Team ARES now will work with the NASA and Lockheed Martin spacecraft integration team to have the product of their experimental design approved for spaceflight. Once the equipment is approved, engineers will install it onto Orion’s crew module. Later this year, when Orion launches into orbit during Exploration Flight Test-1 (EFT-1), Lockheed Martin will host Team ARES at NASA’s Kennedy Space Center in Florida to watch their experiment launch into space.

 

During the EFT-1, Orion will fly through the Van Allen Belt, a dense radiation field that surrounds the Earth in a protective shell of electrically charged ions. Understanding and mitigating radiation exposure during Orion’s flight test can help scientists develop protective solutions before the first crewed mission. After EFT-1, the students will receive data indicating how well their design protected a dosimeter, an instrument used for measuring radiation exposure.

 

Speaking at the U.S.A Science and Engineering Festival, Lockheed Martin Chairman, President and CEO Marillyn Hewson said, “The Exploration Design Challenge has already reached 127,000 students worldwide – engaging them in real-world engineering challenges and igniting their imaginations about the endless possibilities of space discovery.”

 

Students around the world in grades K-12 still can be part of Orion’s first flight by completing an online radiation shielding activity. Students who complete the activity by June 30 will have their names flown as virtual crew members aboard Orion.

 

To learn more about the EDC and related activities, visit:

http://www.nasa.gov/education/edc

 

To learn more about NASA’s education programs, visit:

http://www.nasa.gov/education

 

To learn more about Orion and the EFT-1 mission, visit:

http://lockheedmartin.com/orion

and

http://www.nasa.gov/orion

 

To learn more about the National Institute of Aerospace, visit:

 

nianet.org

 

 

 

 

 

 

 

 

 

2014-12: The National Institute of Aerospace honored as a Best Nonprofits to Work For 2014 by The NonProfit Times

FOR IMMEDIATE RELEASE                                                         April 17, 2014

Harla Sherwood

National Institute of Aerospace, Hampton, Va.

757-636-6300

harla.sherwood@nianet.org

 

NIA Release:  2014-12

 

The National Institute of Aerospace honored as a Best Nonprofits to Work For 2014 by The NonProfit Times

 

Hampton, Va – On Tuesday, April 1, 2014 the NonProfit Times released its national list of the 2014 Best Nonprofits to Work For. The National Institute of Aerospace (NIA) placed 12th among all nonprofits in the United States and 5th among medium nonprofits (50-249 employees).

 

The Best Nonprofits to Work For program is one that is open to all nonprofits with 501(c)(3) status that have a facility with a minimum of 15 employees, in the United States. The assessment process was managed for The NonProfits Times by Best Companies Group (BCG) in Harrisburg, PA, an independent workplace research firm specializing in identifying and recognizing great places to work throughout the United States, Canada and the United Kingdom.  BCG utilized an 81-question survey to collect information about benefits, policies, practices and other information regarding the work environment, which comprised 25 percent of an organization’s overall evaluation. The other 75 percent of the evaluation was derived from a confidential 76-question employee Engagement & Satisfaction Survey.

 

“NIA likely ranked at the top, not only because we offer competitive pay and great benefits, but also due to the team-oriented and collaborative nature of our workforce,” said Cathy Hopkins, Director of Human Resources.  “We value the feedback received from the survey and continuously look for areas to improve upon to make NIA an even better and more rewarding place to work.”

 

“We are honored and proud to be recognized by The NonProfit Times as a 2014 Best Nonprofit to Work For,” said Dr. Douglas Stanley, President and Executive Director. “We consider our employees to be our greatest strength and make every effort to treat them with respect and to reward their efforts.  I am so very pleased that they value the culture of collaboration that we have created.”

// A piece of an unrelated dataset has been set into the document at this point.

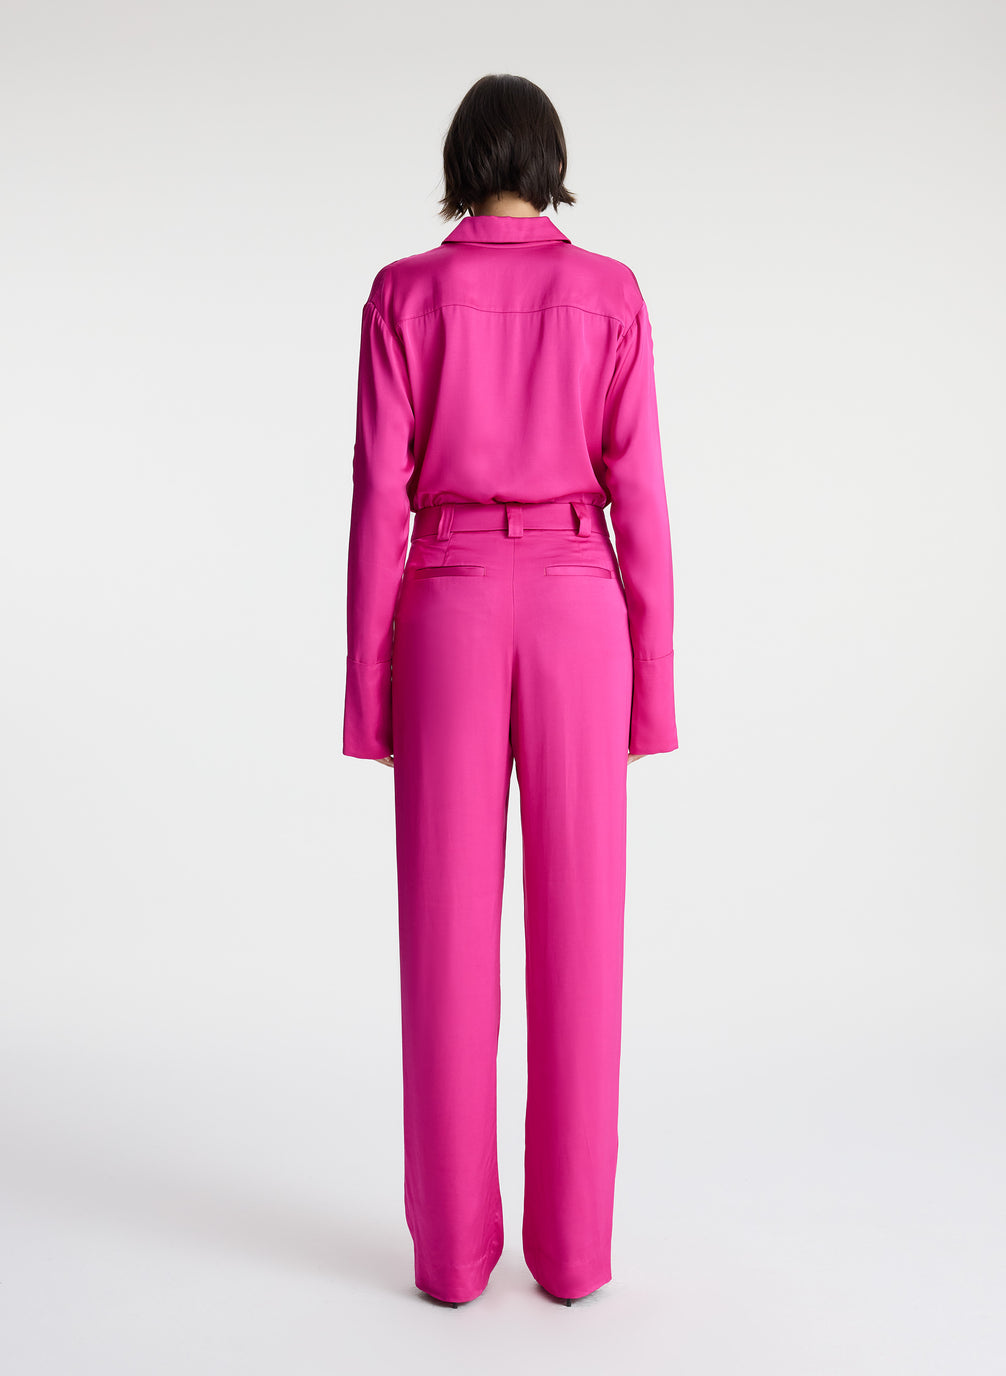 back view of woman wearing bright pink scalloped detailed long sleeve satin shirt and bright pink pants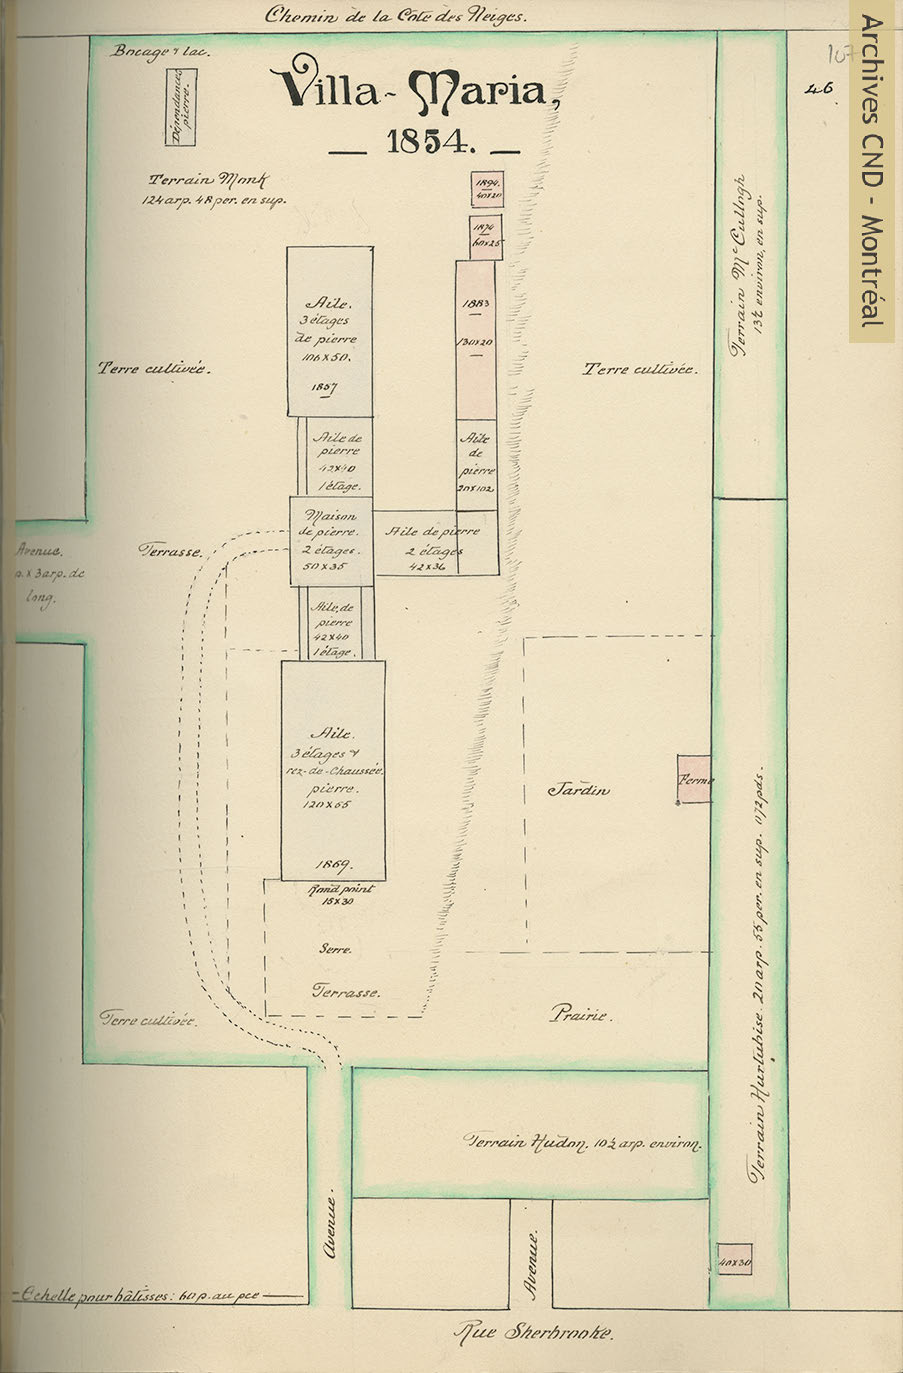 Plot plan of the Sisters of the Congregation

To read more about the results of The NonProfitTimes Best Nonprofits to Work for results, please visit their website at: http://www.thenonprofittimes.com/wp-content/uploads/2014/04/BestNonprofits-20141.pdf

 

About the National Institute of Aerospace:

 

The National Institute of Aerospace (NIA) is a non-profit research and graduate education institute headquartered in Hampton, Virginia, near NASA’s Langley Research Center. NIA’s mission is to conduct leading-edge aerospace and atmospheric research, develop new technologies for the nation and help inspire the next generation of scientists and engineers.

 

NIA was formed in 2002 by a consortium of research universities to ensure a national capability to support NASA’s mission by expanding collaboration with academia and leveraging expertise inside and outside NASA. NIA performs research in a broad range of disciplines including space exploration, systems engineering, nanoscale materials science, flight systems, aerodynamics, air traffic management, aviation safety, planetary and space science, and global climate change. For more information, please visit, www.nianet.org.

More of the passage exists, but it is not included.